Democrats love to debate the social issues as much as Republicans and both for the same reason: it distracts from the central issue of any society i.e. who exactly exercises power, both economic and political. We wind up artificially cleaved between pro-lifers and pro-choicers, the NRA and the Bloombergers, those who love to sniff the Confederate flag and those who do not. We find ourselves, as a nation, divided 57 different ways except the one and only way that counts the most: the Haves and the Have Nots. And the Have Nots are having less and less every day.

For this we can thank the Democrats who long ago gave up on WWCM and the working class in general. And then you wonder why an asshole like Trump can cash in on this malaise so easily? What's so hard to figure out here? More than two-thirds of Americans do not have $1000 in reserve. Housing is unreachable for those who make less than mid six figures. Obamacare has been a step forward but health care is still a nightmare for millions -- even with insurance. College has become a luxury. Manufacturing jobs have disappeared and the prevailing wage for WWCM who lose one of those last remaining traditional union jobs is about $12 an hour. The political system, meanwhile, has been bought by billionaires who control the politicians like little puppies.

The biggest issue we confront today is not if Trump is a fascist or not. He's not. The question is, if current trends continue, just how much longer will American democracy --or what's left of it-- last? Are you willing to bet beyond another ten years?

petey
Offline
Joined: 13-10-05
Mar 29 2016 20:07

Don't forget, comrades ...
http://www.themilitant.com/SWPCampaign2016/swpcampaign2016.html

kingzog
Offline
Joined: 28-10-09
Apr 2 2016 03:24

S. Artesian wrote:

Quote:
78% blame the protestors, 70% blame Trump supporters; that makes 148%.

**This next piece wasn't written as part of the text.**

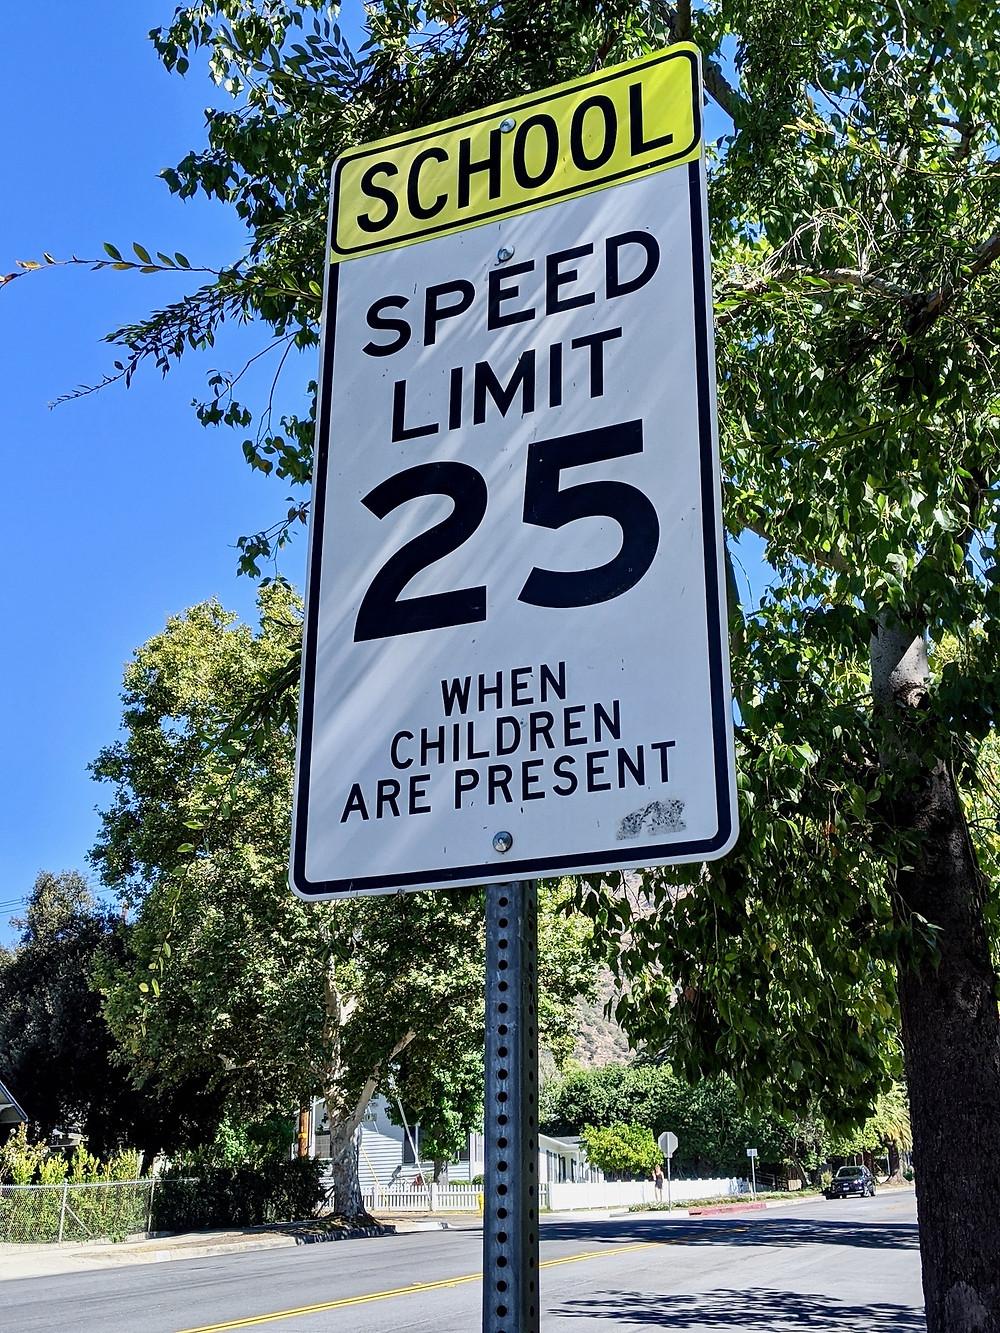 School speed limit sign
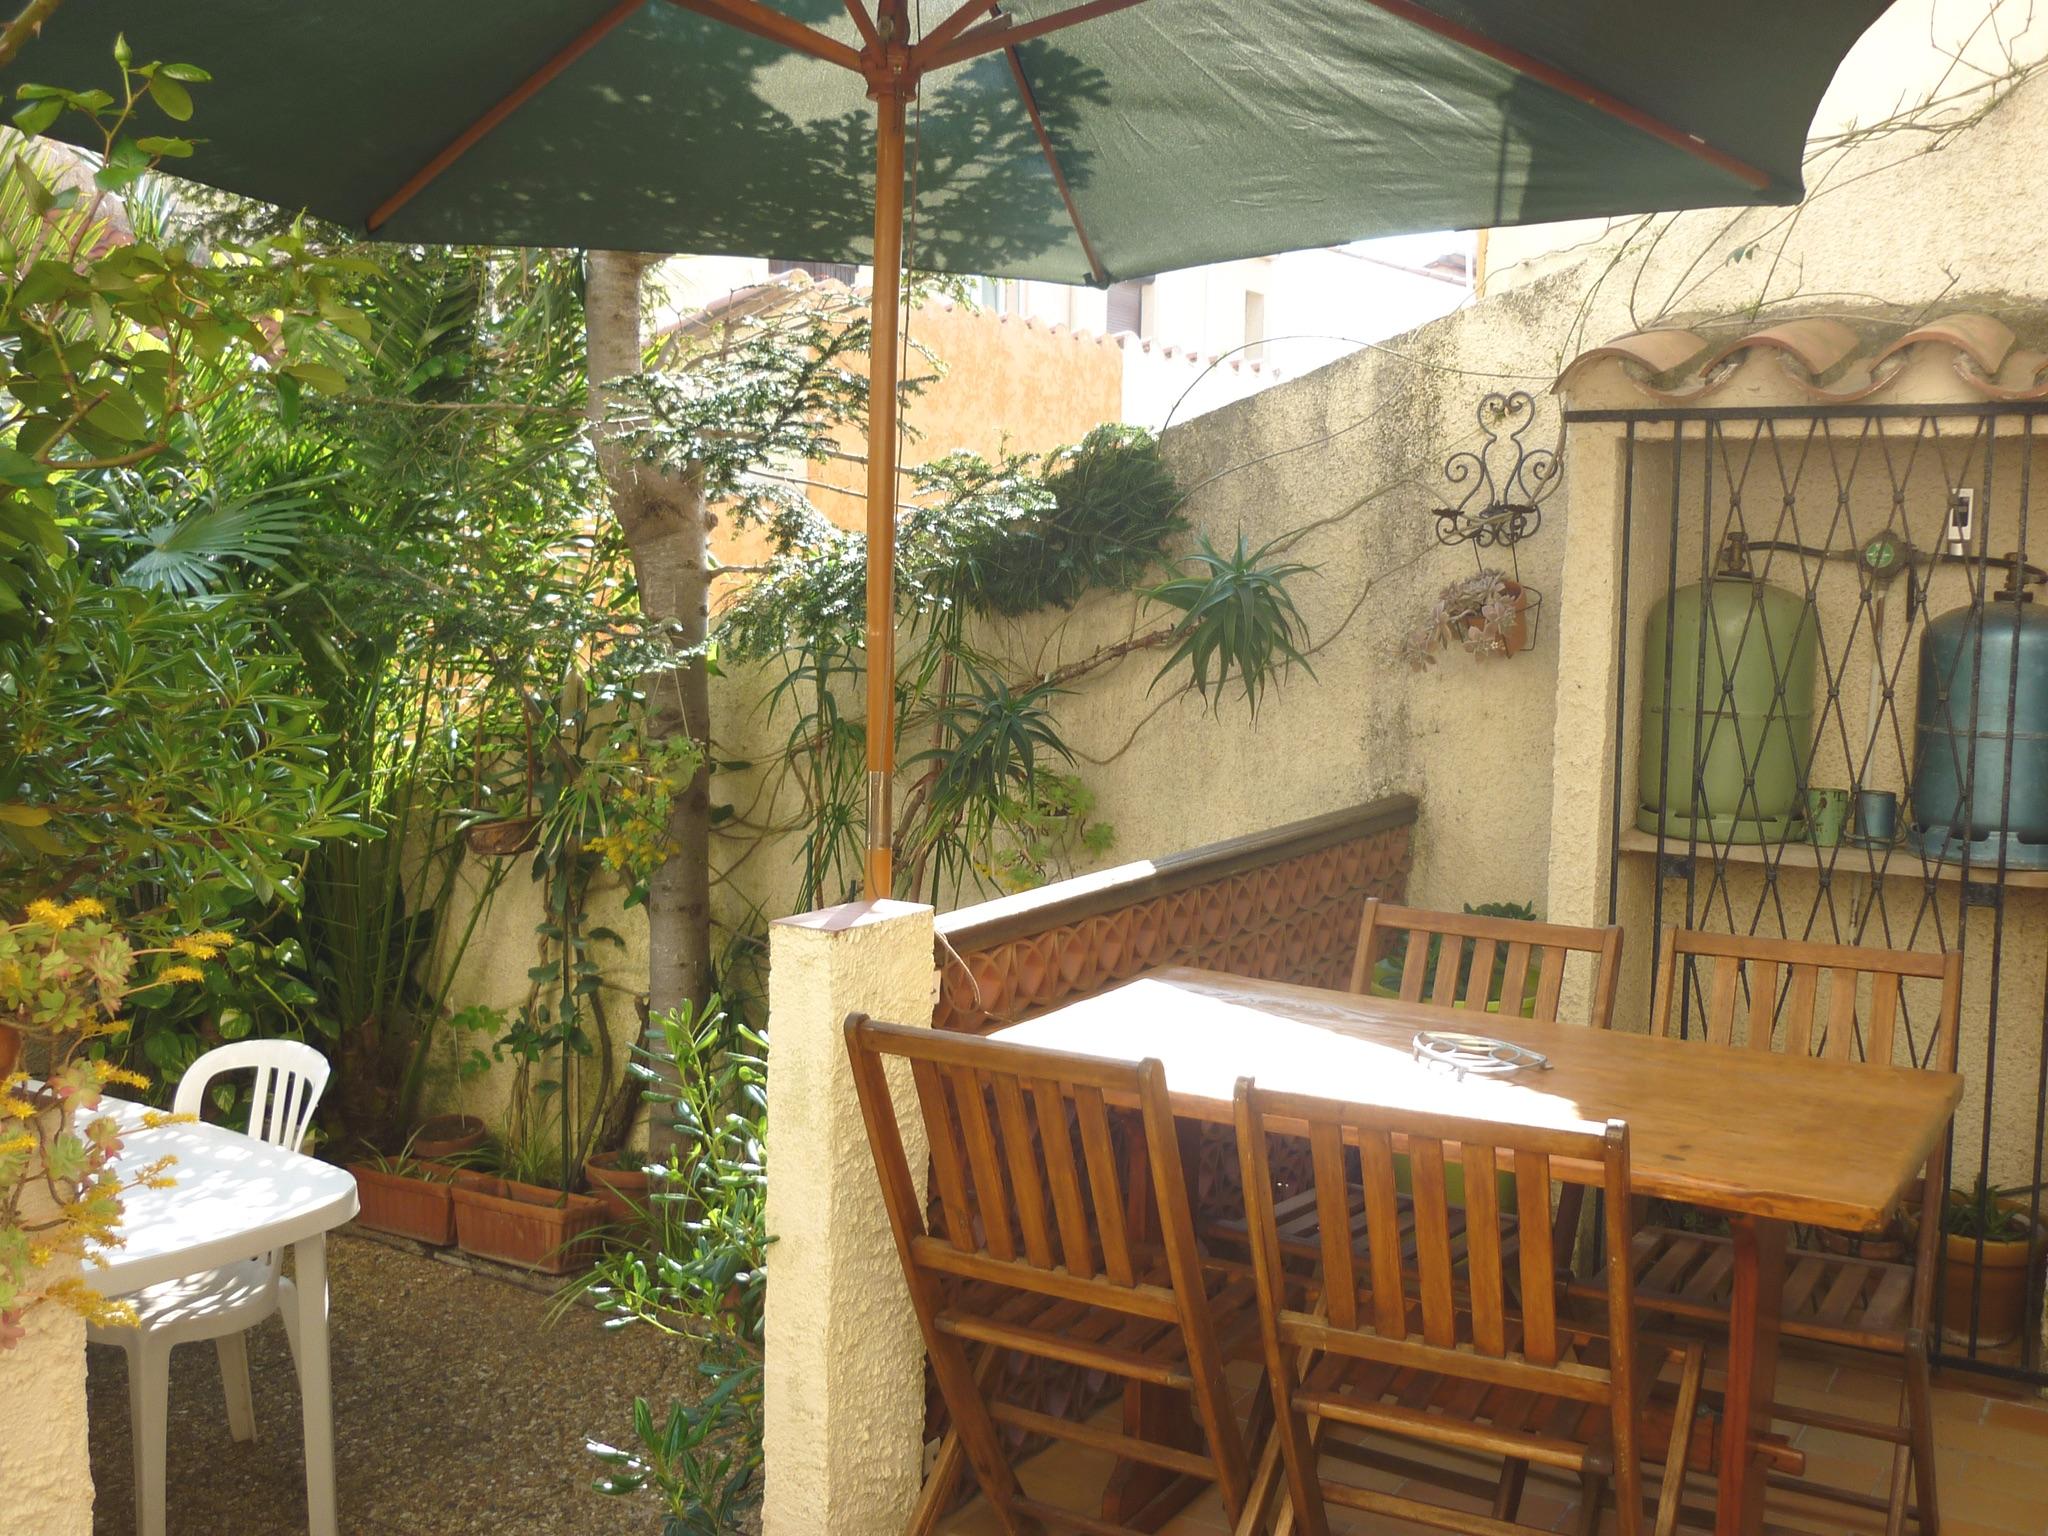 Ferienhaus Haus mit 2 Zimmern in Sainte-Marie mit eingezäuntem Garten - 150 m vom Strand entfernt (2202719), Sainte Marie la Mer, Mittelmeerküste Pyrénées-Orientales, Languedoc-Roussillon, Frankreich, Bild 1

Now we get 78% vs 64%. That's 142%

They must be taking these surveys in Chicago, where generally 150% of the voting age population turns out to vote for the Democrat.

And you think any of that, that swill about who thinks whom is responsible has anything to do with reality?

You are probably too young to remember, but there were all those polls about Vietnam, and how the public supported LBJ and the story about the "aggression" from the North; and all the polls showing that the protestors were pissing people off... and on and on.

Until Tet 1968. Then suddenly, the support shifted. Then the protestors weren't quite so crazy; weren't quite so unpopular.

Yes....and then people voting overwhelmingly for Nixon. Anyway, yeah, tet offensive shifted public opinion on the war(I would add that soldiers' insubordination actually ended the war, not protests but whatever). However, just as tet shifted opinion on the war, the riots and political violence of 68 and onward shifted opinion towards voting nixon in 72- and he won in an absolutely historic landslide... On a law and order platform.

I believe the pollsters asked the same people multiple questions, hence what would appear to be a mathematical error is not. Look at the poll closley to see what I mean.

kingzog
Offline
Joined: 28-10-09
Apr 2 2016 03:31

Oh, I should add that Nixon won, initially, in 68 despite basically every conservative in the deep south voting Wallace. As Hunter S. Thompson once wrote, "Richard Nixon is living in the White House today because of what happened that night in Chicago.”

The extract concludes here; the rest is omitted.